The records:
◇ ◇ ◇

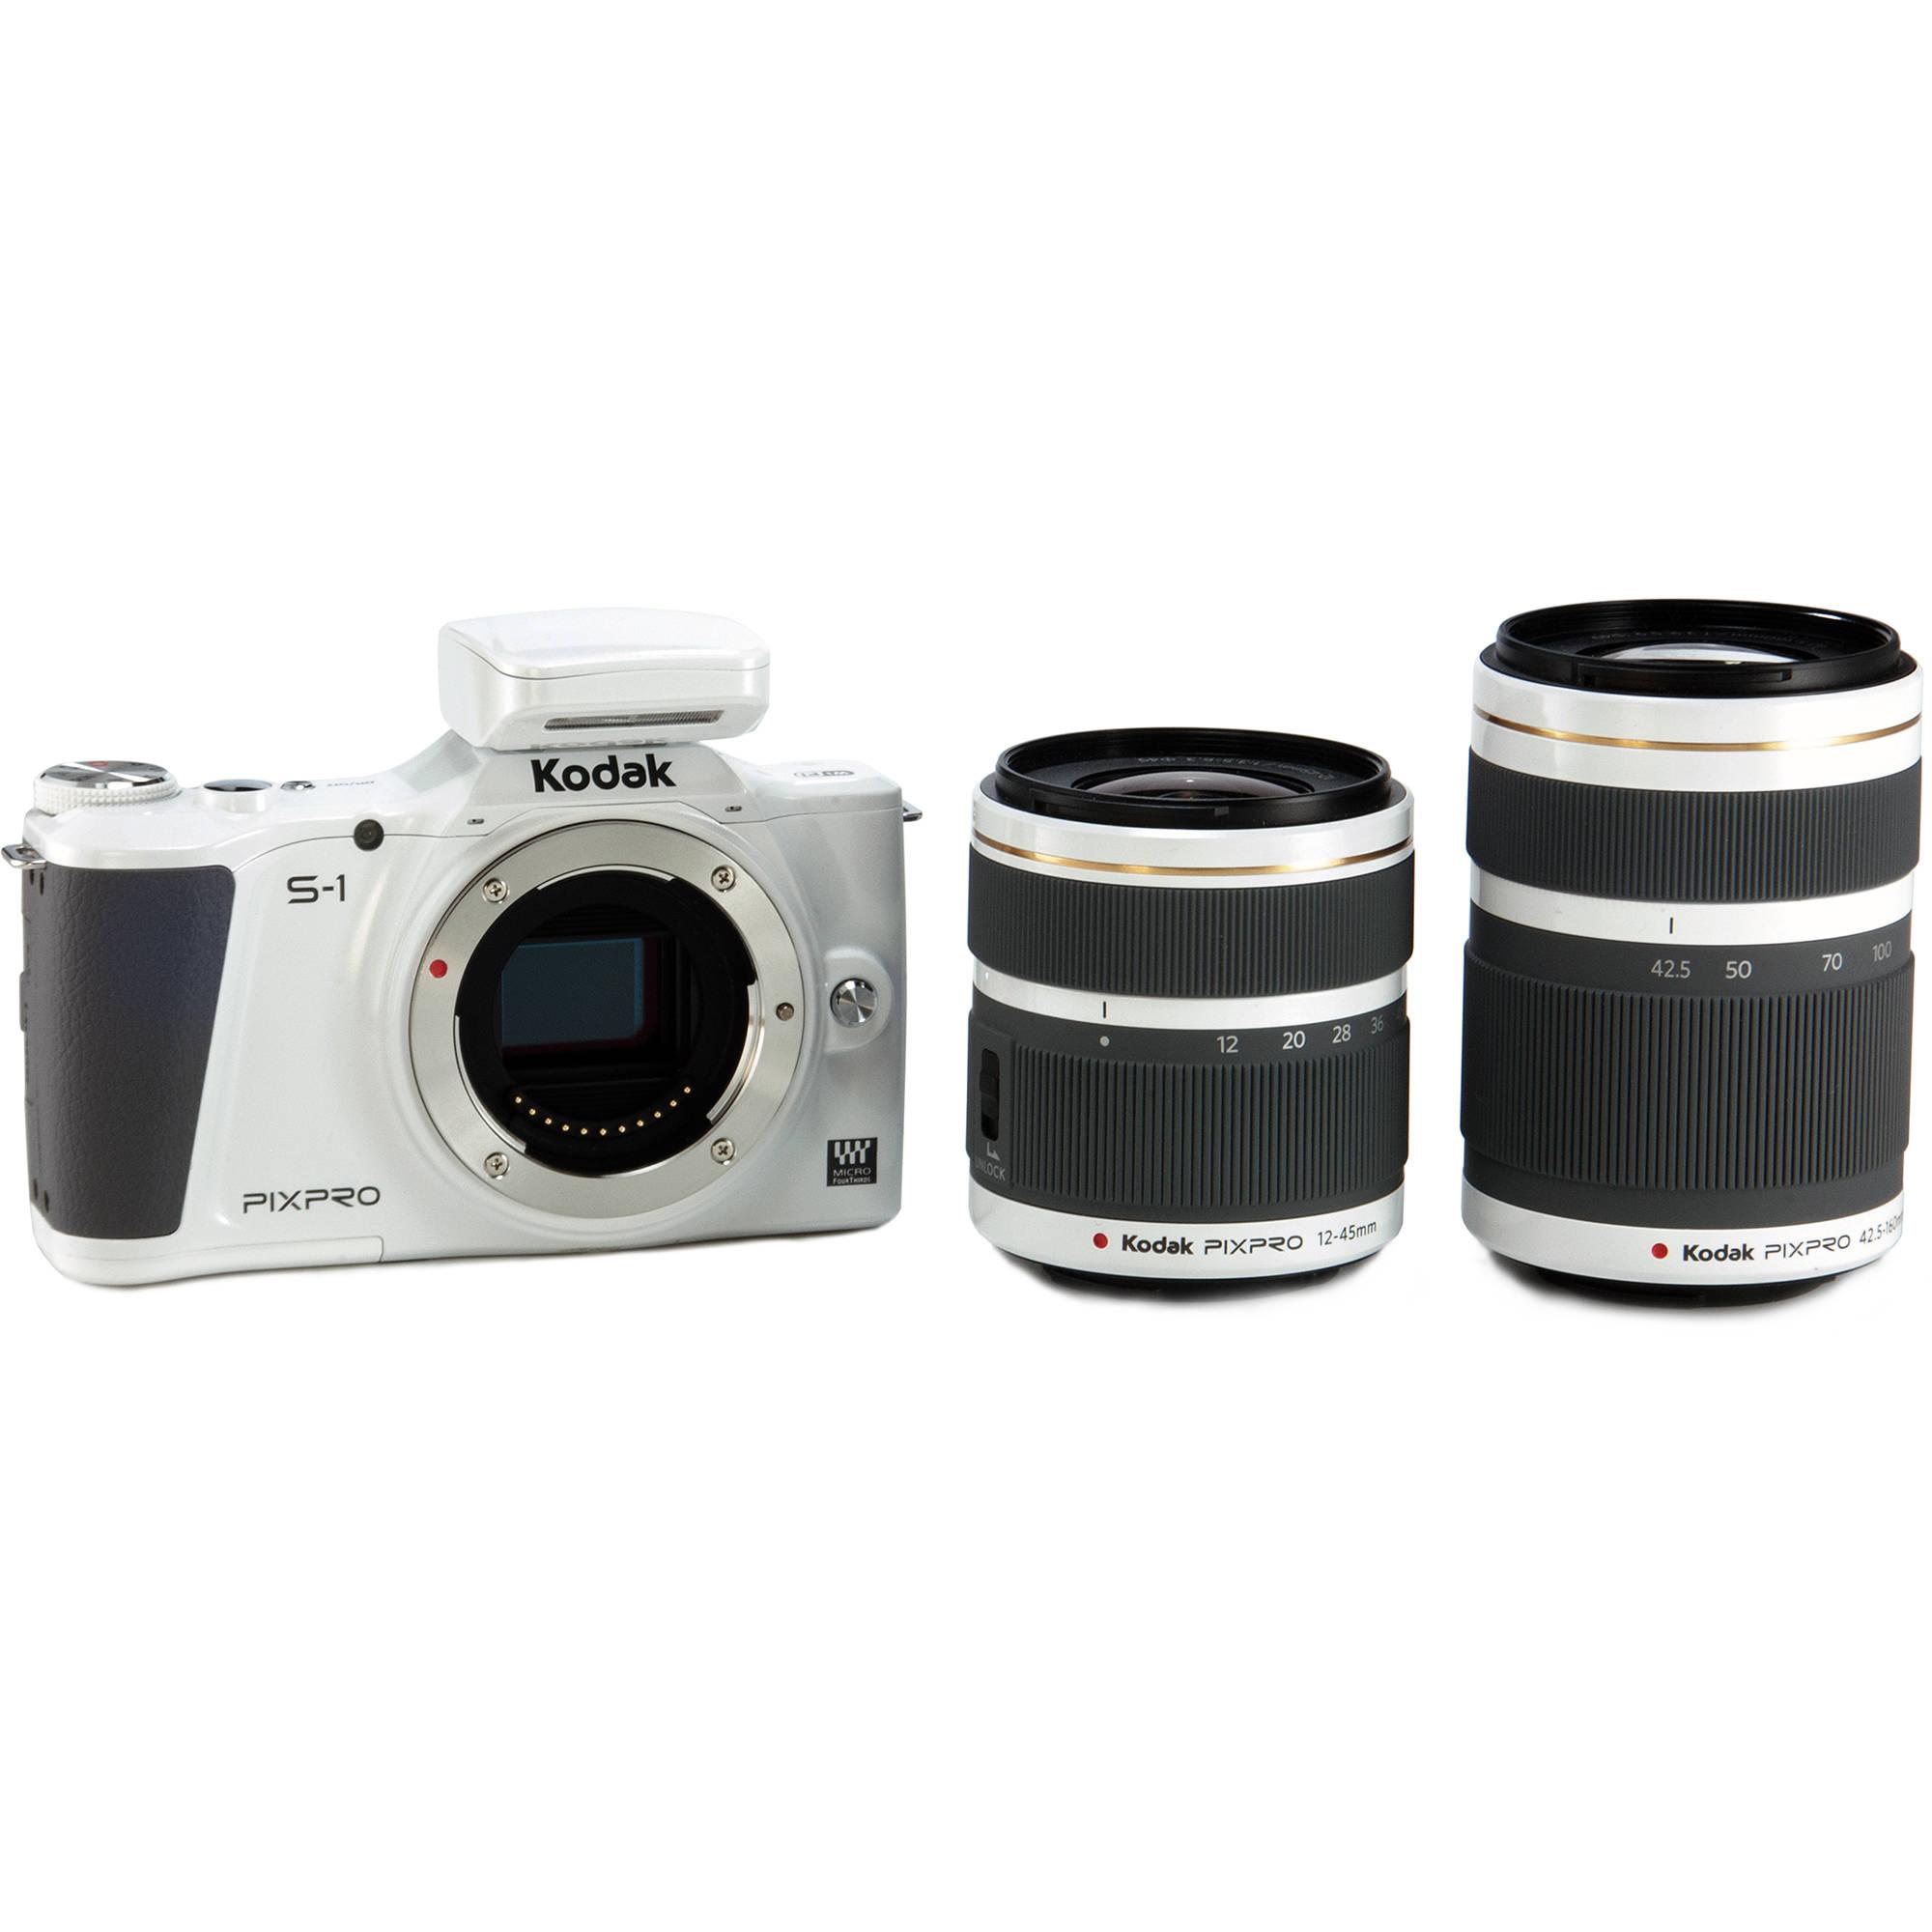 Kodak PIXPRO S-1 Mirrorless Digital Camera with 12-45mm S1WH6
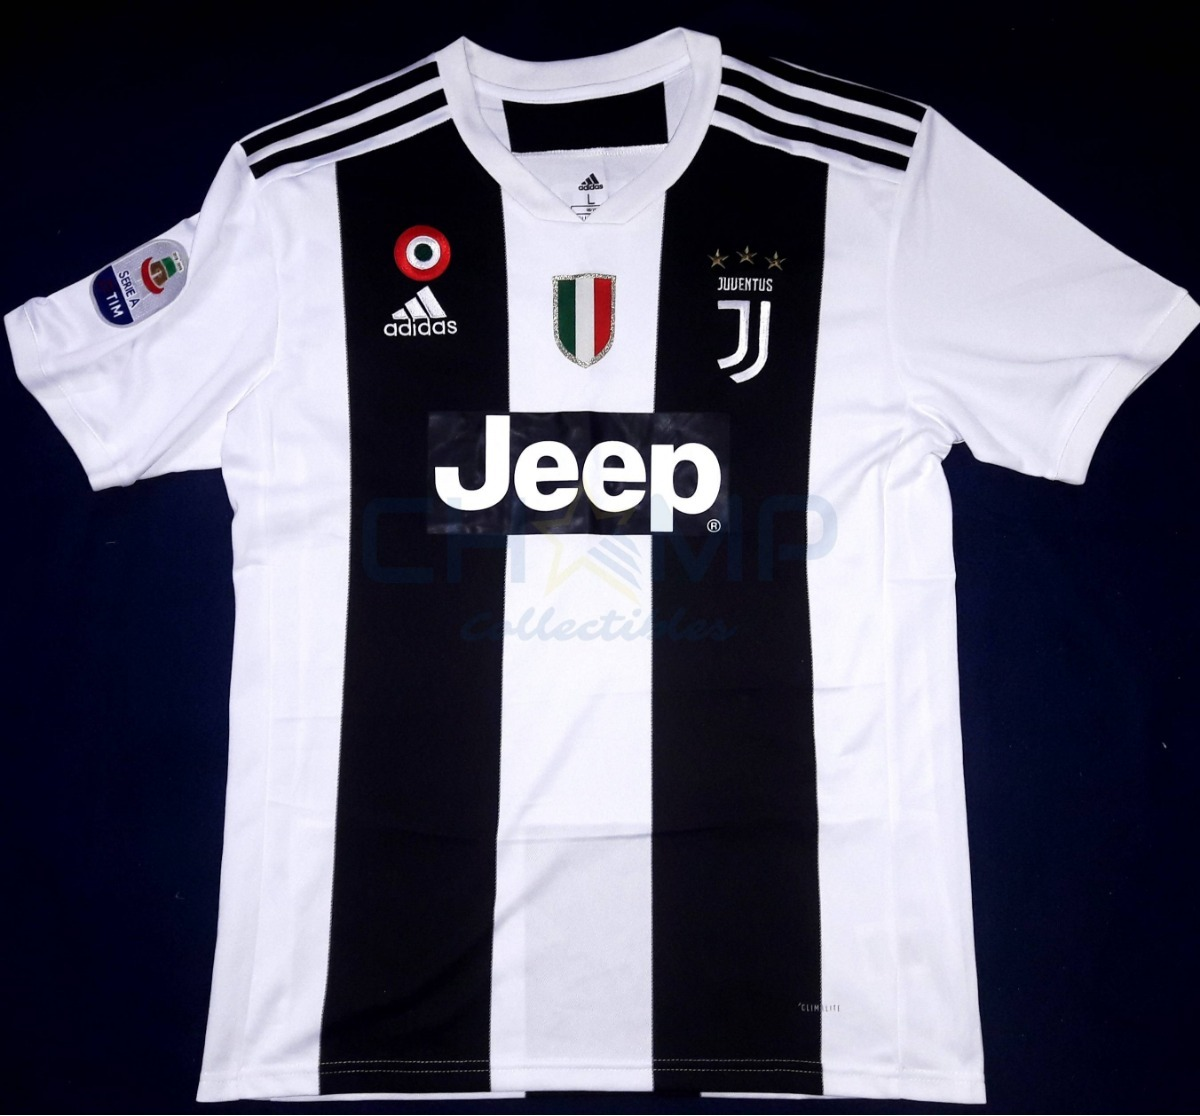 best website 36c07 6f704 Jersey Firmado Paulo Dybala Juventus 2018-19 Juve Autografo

◇ ◇ ◇

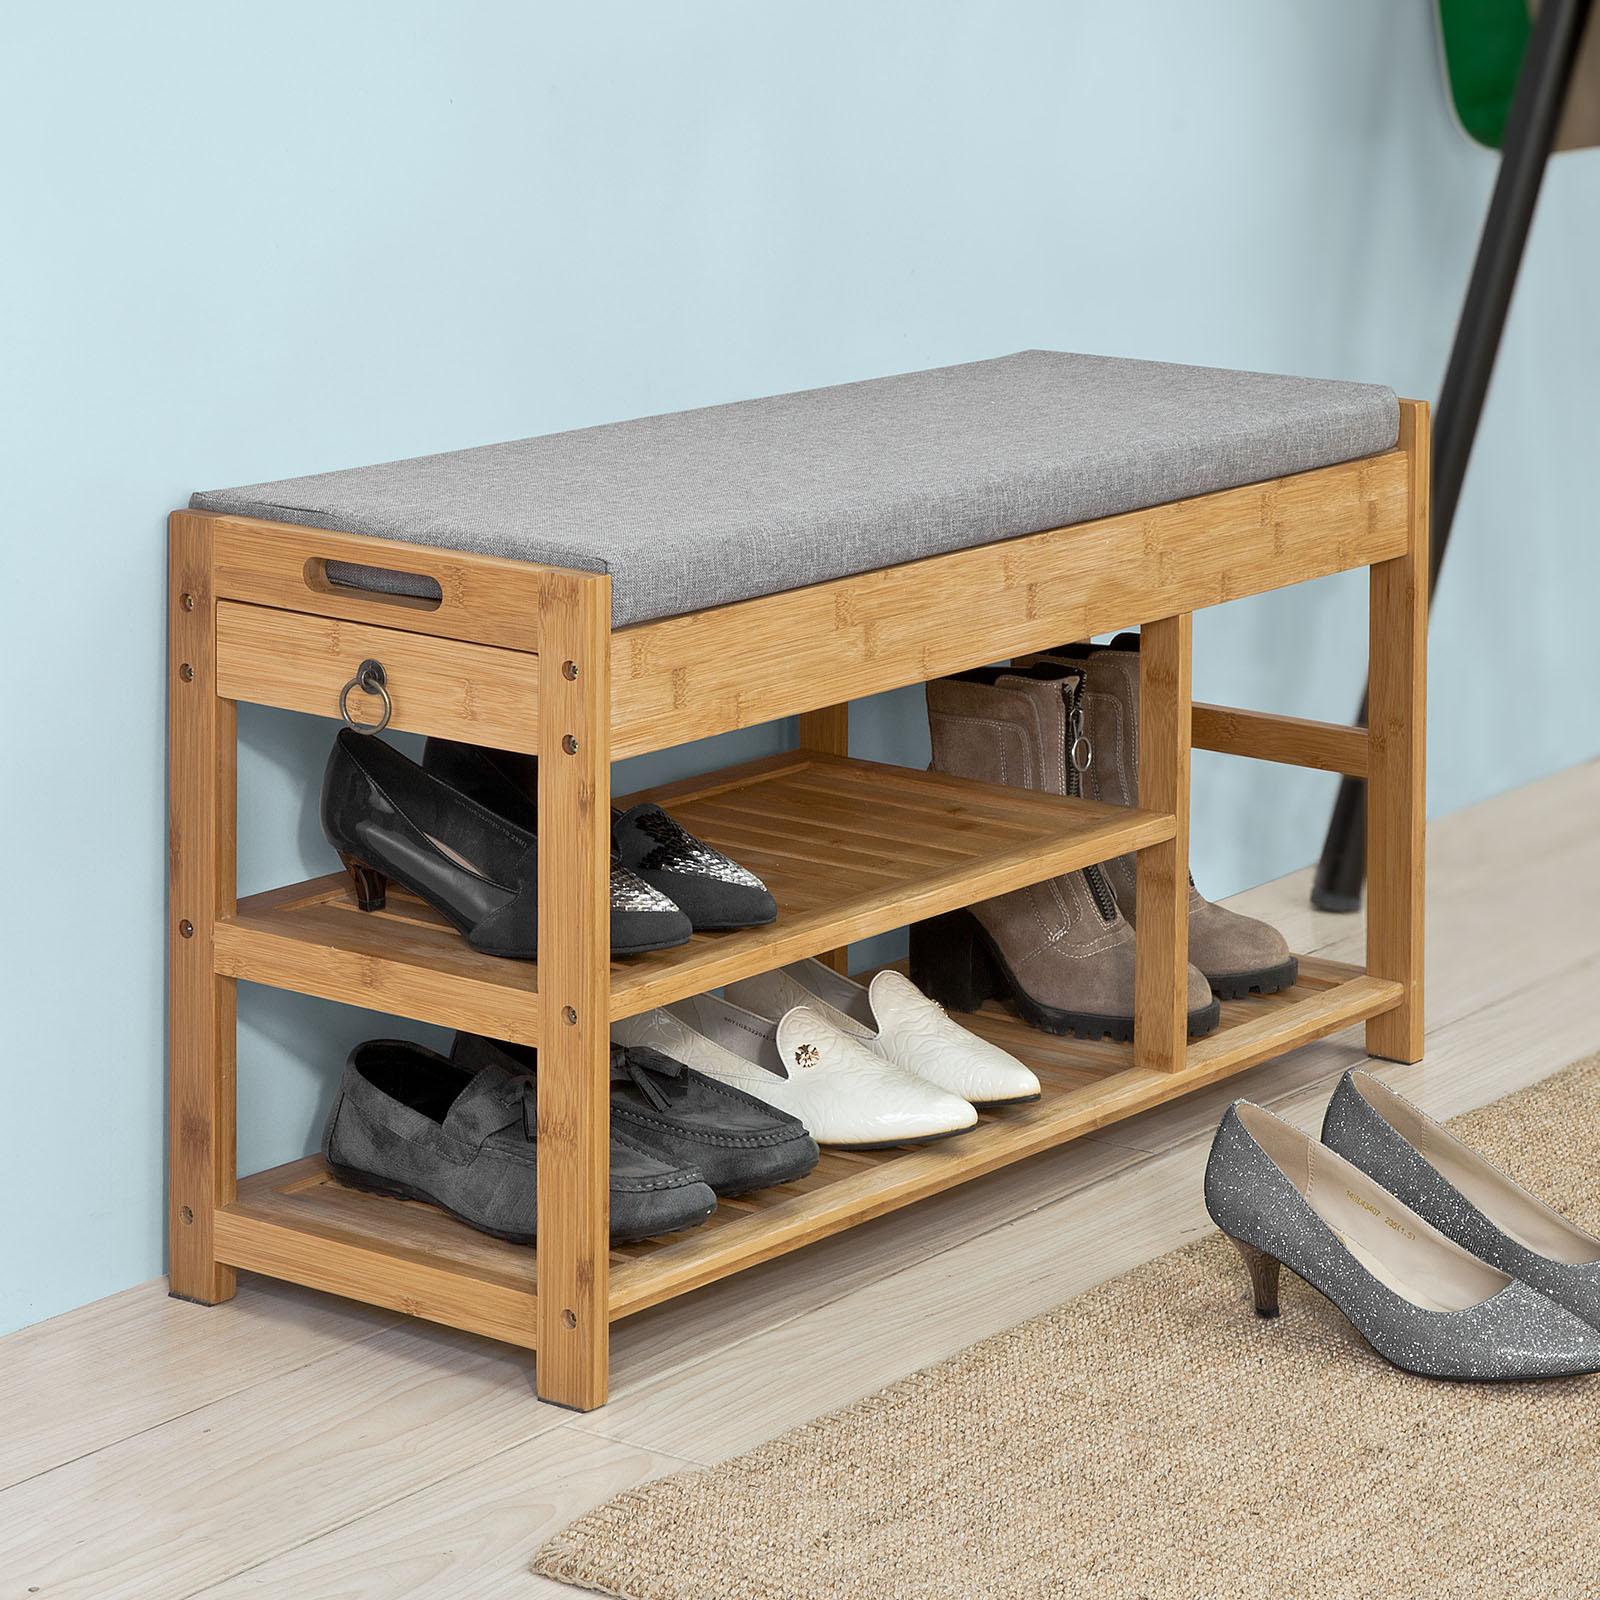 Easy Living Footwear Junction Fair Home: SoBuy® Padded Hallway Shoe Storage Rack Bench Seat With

◇ ◇ ◇

Task instructions: For the entries above, print exactly the lines between the one with "Kodak PIXPRO S-1" and the one with "best website 36c07", inclusive, with no pictures.

Exercise response:
 Kodak PIXPRO S-1 Mirrorless Digital Camera with 12-45mm S1WH6
 best website 36c07 6f704 Jersey Firmado Paulo Dybala Juventus 2018-19 Juve Autografo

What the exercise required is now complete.